[英]Count number of values followed by another value in r
df <- data.frame(Year = c("May","June","July"),
D1 = c(0,0,0),
D2 = c(0,0,0),
D3 = c(0,0,0),
D4 = c(0,0,1),
D5 = c(0,1,1),
D6 = c(0,1,1),
D7 = c(0,0,0),
D8 = c(0,0,0),
D9 = c(0,0,0),
D10 = c(0,0,0),
D11 = c(0,0,0),
D12 = c(0,0,0),
D13 = c(0,0,0),
D14 = c(1,1,0),
D15 = c(1,0,0),
D16 = c(0,1,0),
D17 = c(1,1,1),
D18 = c(0,0,0),
D19 = c(0,0,0),
D20 = c(0,0,0),
D21 = c(0,1,0),
D22 = c(0,0,0),
D23 = c(0,1,0),
D24 = c(0,0,0),
D25 = c(0,0,0),
D26 = c(1,0,0),
D27 = c(0,0,0),
D28 = c(1,0,1),
D29 = c(1,0,0),
D30 = c(1,1,0),
D31 = c(0,1,1)
)
I have a data frame (subset above) of months and days.我有几个月和几天的数据框(上面的子集)。 I am trying to count the number of days a 1 is followed by a 0, 0 is followed by a 1, etc. For example, May would have 2 ones followed by zeros and two zeros followed by 1s.我正在尝试计算 1 后跟 0、0 后跟 1 等的天数。例如,May 将有 2 个 1 后跟 0 和 2 个 0 后跟 1。 I am thinking a for loop would be the best way to go about this but am having trouble since the comparisons are in rows.我认为 for 循环将是 go 关于此问题的最佳方法,但由于比较是成行的,所以遇到了麻烦。

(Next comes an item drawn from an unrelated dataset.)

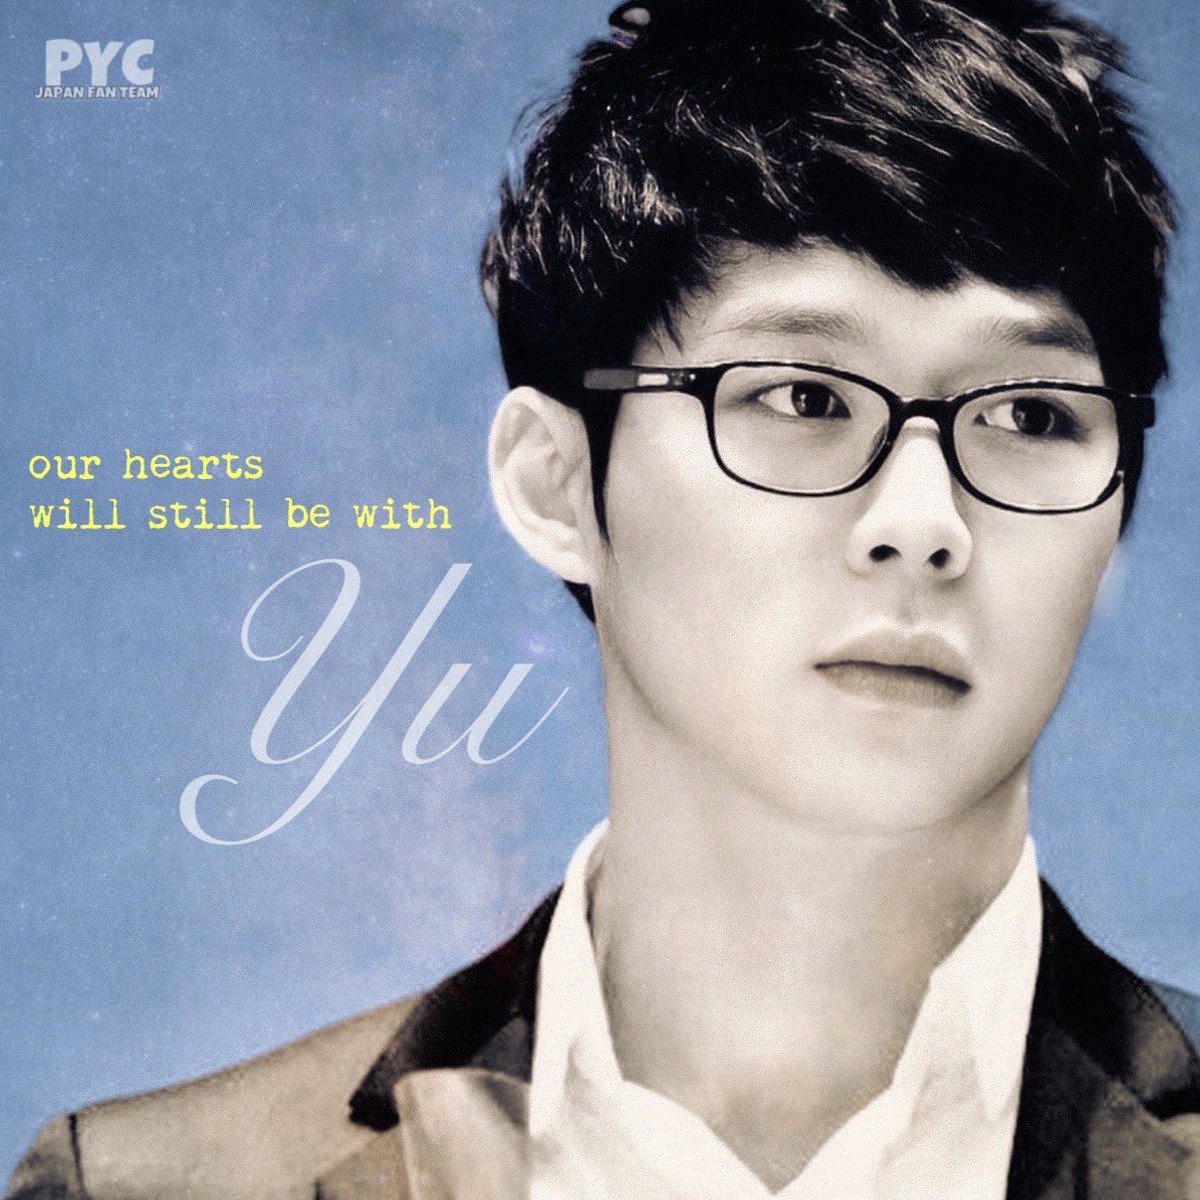 Even if YU are far away, our hearts will still be with YU. YUが遠くにいても♡は一緒に #ユチョン #parkyuchun
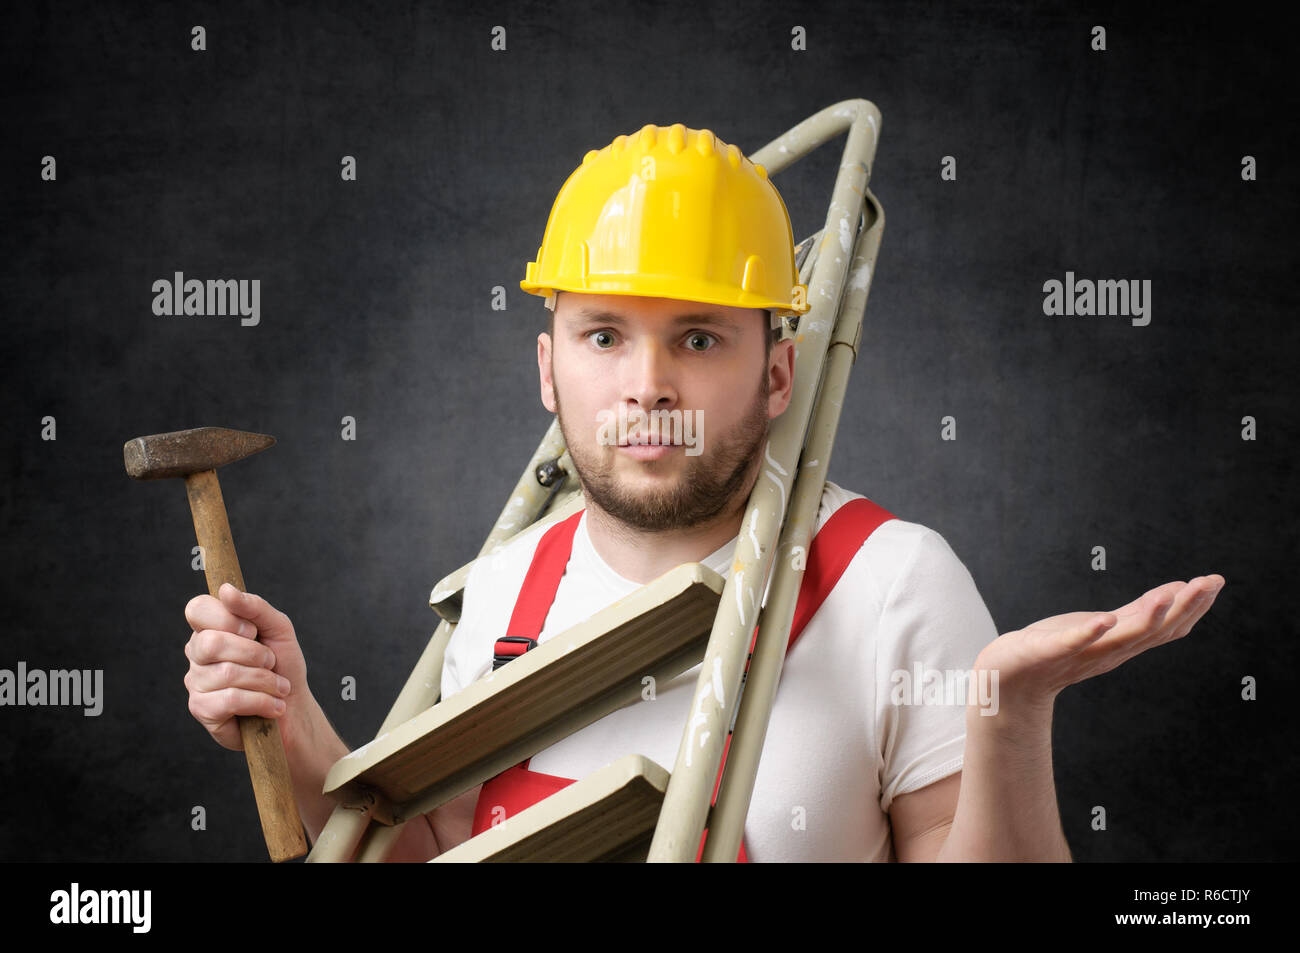 Clumsy worker with tools Stock Photo

Based on the updated data, we may need rolling paste
根据更新的数据,我们可能需要滚动paste
library(zoo)
out <- table(apply(df[-1], 1, function(x) rollapply(x, 2, paste, collapse="")))
out
# 00 01 10 11
# 56 14 12 8
sum(out)
#[1] 90
Or can be be made a bit more compact without the anonymous function call或者可以在没有匿名 function 调用的情况下变得更紧凑
table(apply(df[-1], 1, rollapply, width = 2, paste, collapse=""))
Or using tidyverse
或使用tidyverse
library(runner)
library(janitor)
library(dplyr)
library(tidyr)
df %>%
rowwise %>%
summarise(out = list(table(runner(c_across(starts_with('D')),
f = function(x) paste(x, collapse=""), k = 2))), .groups = 'drop') %>%
unnest_wider(c(out)) %>%
adorn_totals()
# 0 00 01 10 11
# 1 19 4 4 3
# 1 16 6 5 3
# 1 21 4 3 2
# Total 56 14 12 8
A base R option using gregexpr
使用gregexpr
的基本 R 选项
v <- do.call(paste0, df[-1])
rev(
stack(
sapply(
c("00", "01", "10", "11"),
function(x) sum(lengths(regmatches(v, gregexpr(x, v)))),
USE.NAMES = TRUE
)
)
)
gives给
ind values
1 00 1
2 01 5
3 10 4
4 11 1
As you already recognized the trouble is in the row comparison... then we can reshape the data from wide format to long format.正如您已经认识到问题在于行比较......然后我们可以将数据从宽格式重塑为长格式。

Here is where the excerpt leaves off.